I can recommend Sunset Resort And Villa's    http://www.sunsetresort.com/#!/ 

Very nice spot a few doors down from TBH, clean, fairly priced and well staffed. Owned by an American man and his Jamaican wife.

----------


## Jim-Donna

I'm going to try them this trip!

----------


## limeex2

Been to Negril and TB. TB much more relaxing,slower paced.Feel safer. I am a biker and renting scooters made for a great day,fun exploring where ever the road lead me. Would not hesitate to recommend going to TB.Even the airport ride is beautiful. Plenty of places to stay of all types and tastes.Check out the recommended sites.I have stayed at Sparkling Waters and it was awesome.

----------


## johng

Treasure Beach memories dancing in my head as we got another foot of snow here in New England. Was an exciting Super Bowl yesterday and nice to see the Pats win!!! Woulda thought a running play by Seattle, on second down at the half yard line but what do I know????
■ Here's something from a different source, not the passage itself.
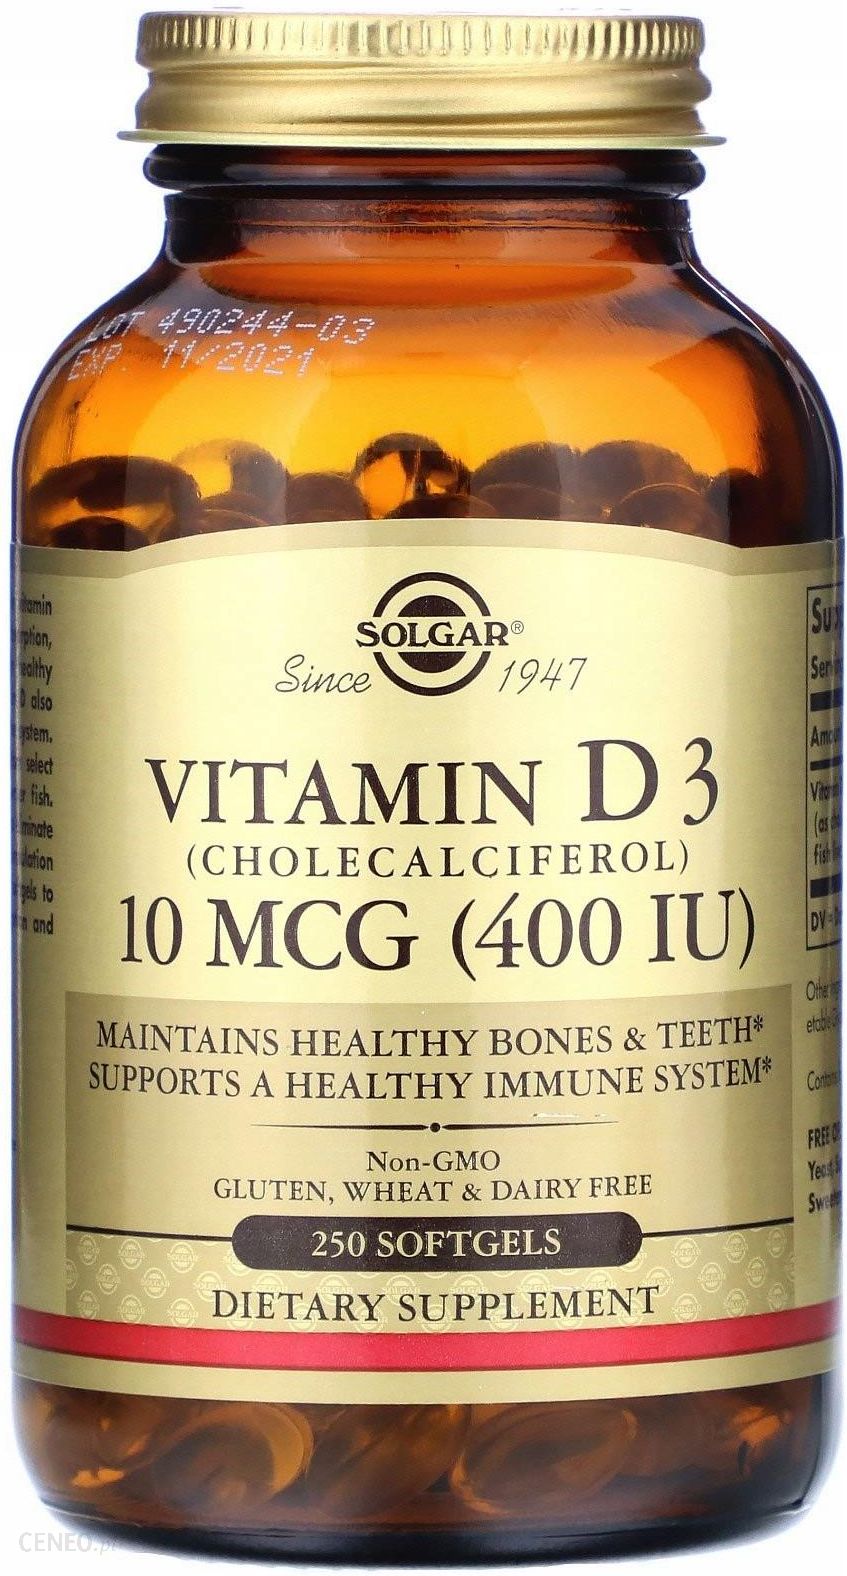 Вит д мкг. Капсулы Solgar Vitamin d3. Солгар d3 10 MCG. Солгар витамин д3 капсулы. Solgar, витамин d3 (холекальциферол), 250 мкг (10 000 ме).

All those in TB (or those wishing they were) Happy 2015!!!

----------


## Jim-Donna

Annmarie you there yet?????..................Thoughts?

----------


## Rumghoul

We just returned - met a family from Sweden that were staying at the Treasure Beach Hotel and they were enjoying it a lot - so much so that they decided to spend their entire vacation there (I believe 2 weeks) instead of traveling around the island a little bit.

----------


## annmarie

Yes we just got back from Hide Awhile in Negril.  We only had 4 nights and we didn't think that was long enough for Treasure Beach.  So we are planning to go to Treasure Beach in November.  We are just not sure where we want to stay yet but we have a lot of time to plan.  Thank you everyone for all your responses.

----------


## danthemanpurdue

How did you like Hide Awhile??

----------


## gowenback

How not crowded? Little Bay has options that can keep you close to Negril life as well.

----------